Policies not leadership will win this election

Policies not leadership will win this election


Last night saw the the emergence of a major policy announcement by both the Tories and Labour, these can be seen as the appetising hors-d’oeuvre before the main course that is the manifesto launches in the early part of this coming week.

The below graphic from some polling by Ipsos Mori in February, which shows leadership isn’t as important policies, as they note, we’ve gone from the most presidential election in 2010, to the least, which explains why the Tory attacks on Ed Miliband haven’t led to sustained Tory leads this week.

Ipsos Mori


So, it comes down to which party has the policy/policies that appeal most to the voters. The Tory plan on IHT is the interesting one, back in 2007, when Labour MPs were publicly saying that “Shortly there will be a [snap] election, in which Labour will increase its majority”

One of the things that stopped Gordon Brown from holding that election was George Osborne’s policy announcement to increase IHT threshold from £300,000 to £1 million which saw a sustained change in the polling in the Tories’ favour.

But that was then, and this is now.

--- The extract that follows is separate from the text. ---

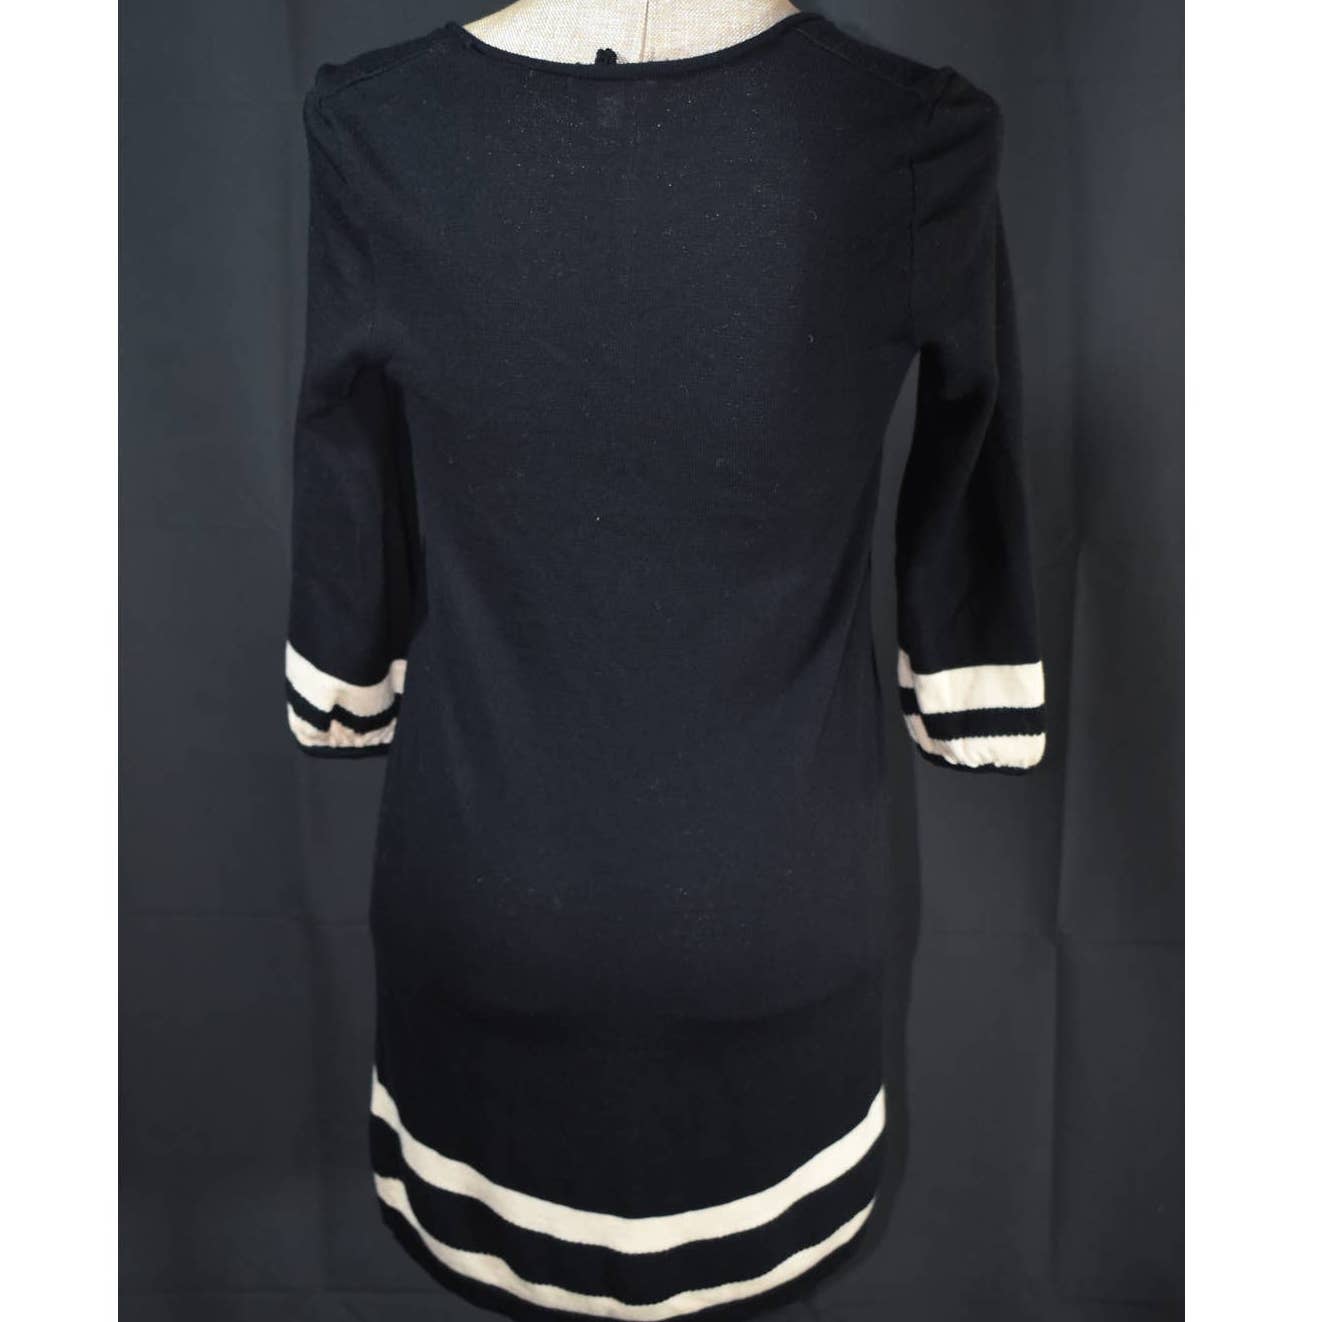 Lilly Pulitzer 100% Merino Wool 3/4 Sleeve Sweater Dress- S
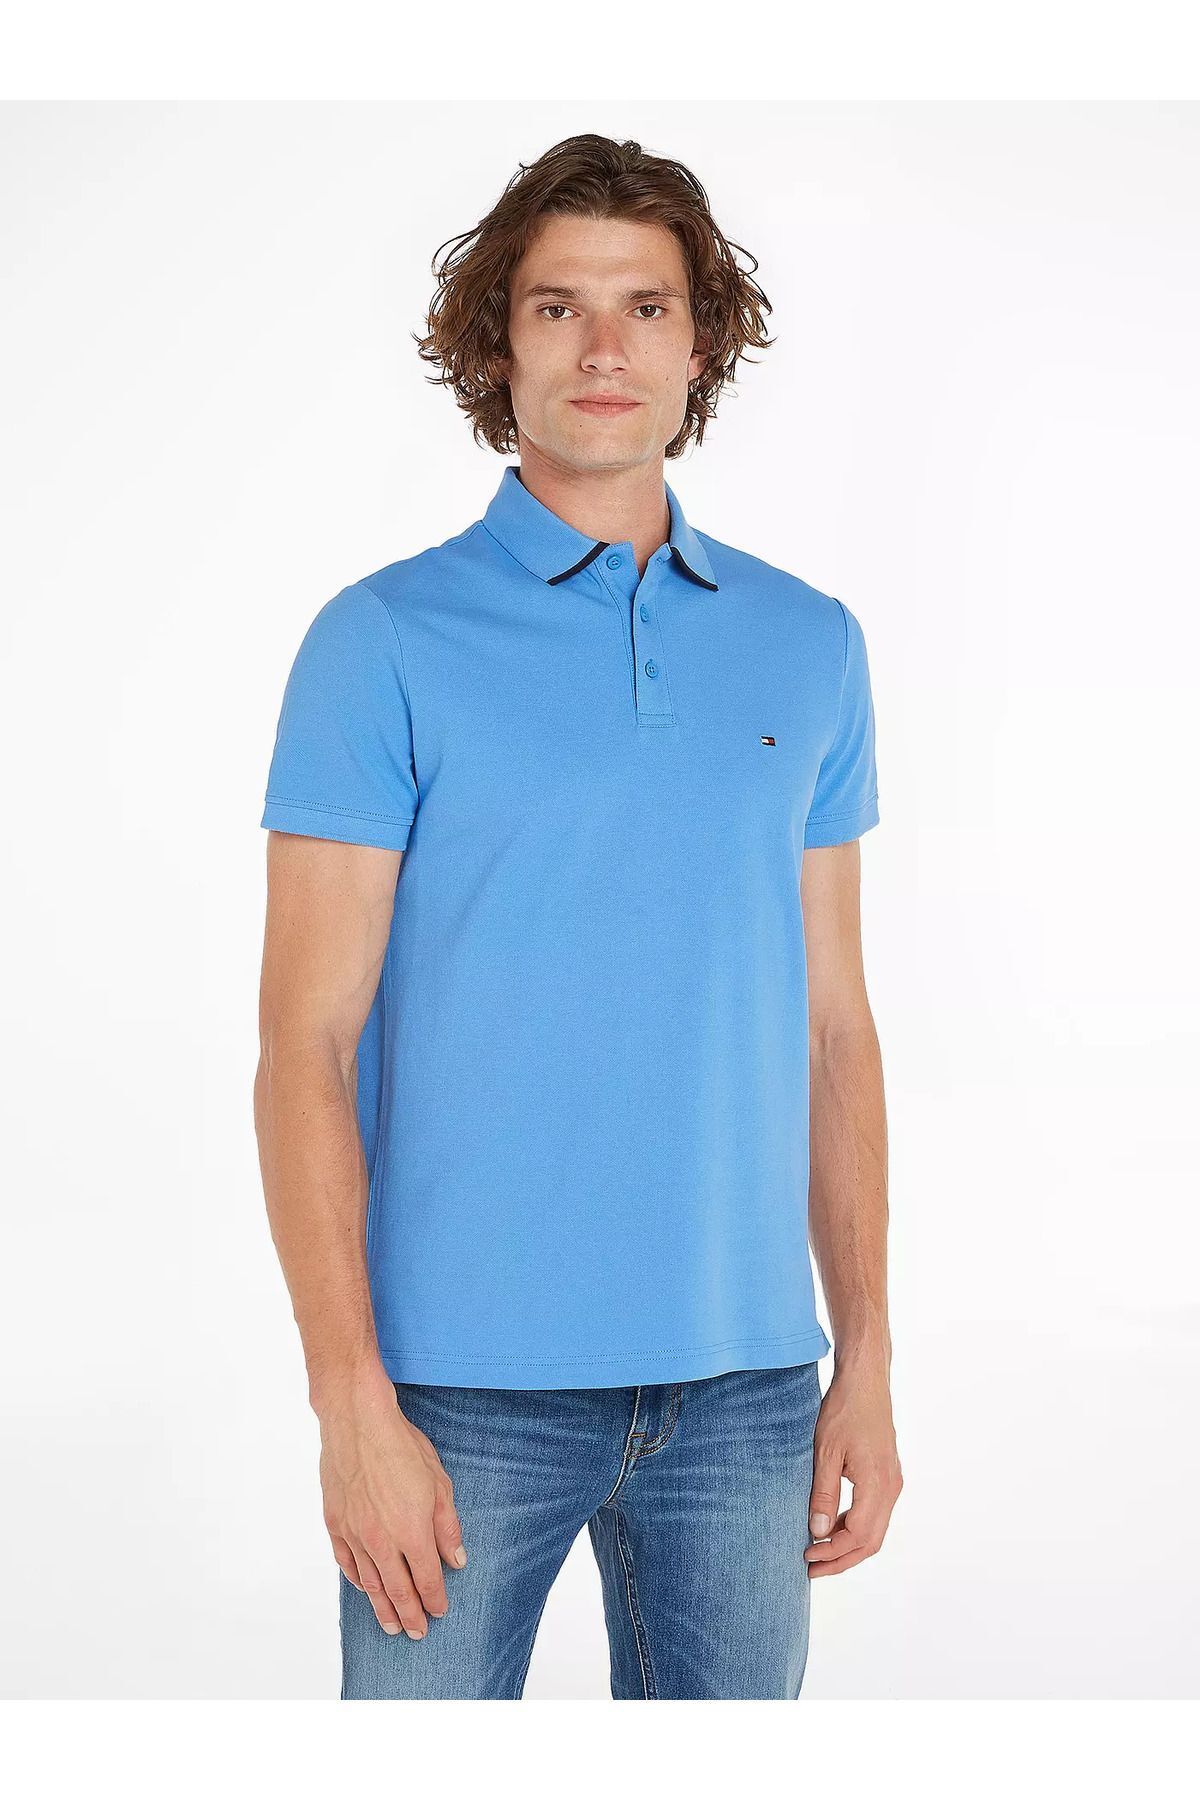 Tommy Hilfiger Erkek Logolu Polo Yakalı Kısa Kollu Düğmeli Mavi1 Polo Yaka T-Shirt MW0MW34754-C30

The Tories are perceived to be the party of the rich, will this policy reaffirm that, as the cutting of the 50p to 45p in the omnishambles budget of 2012 saw the Tory polling take a dip from which they are only now recovering from.

But finally, we’re moving onto the substantive part of an election campaign, something that will help voters decide which way they will vote and could cause one side or the other to pull away, as fewer voters are decided on how they’ll vote in May than in previous elections.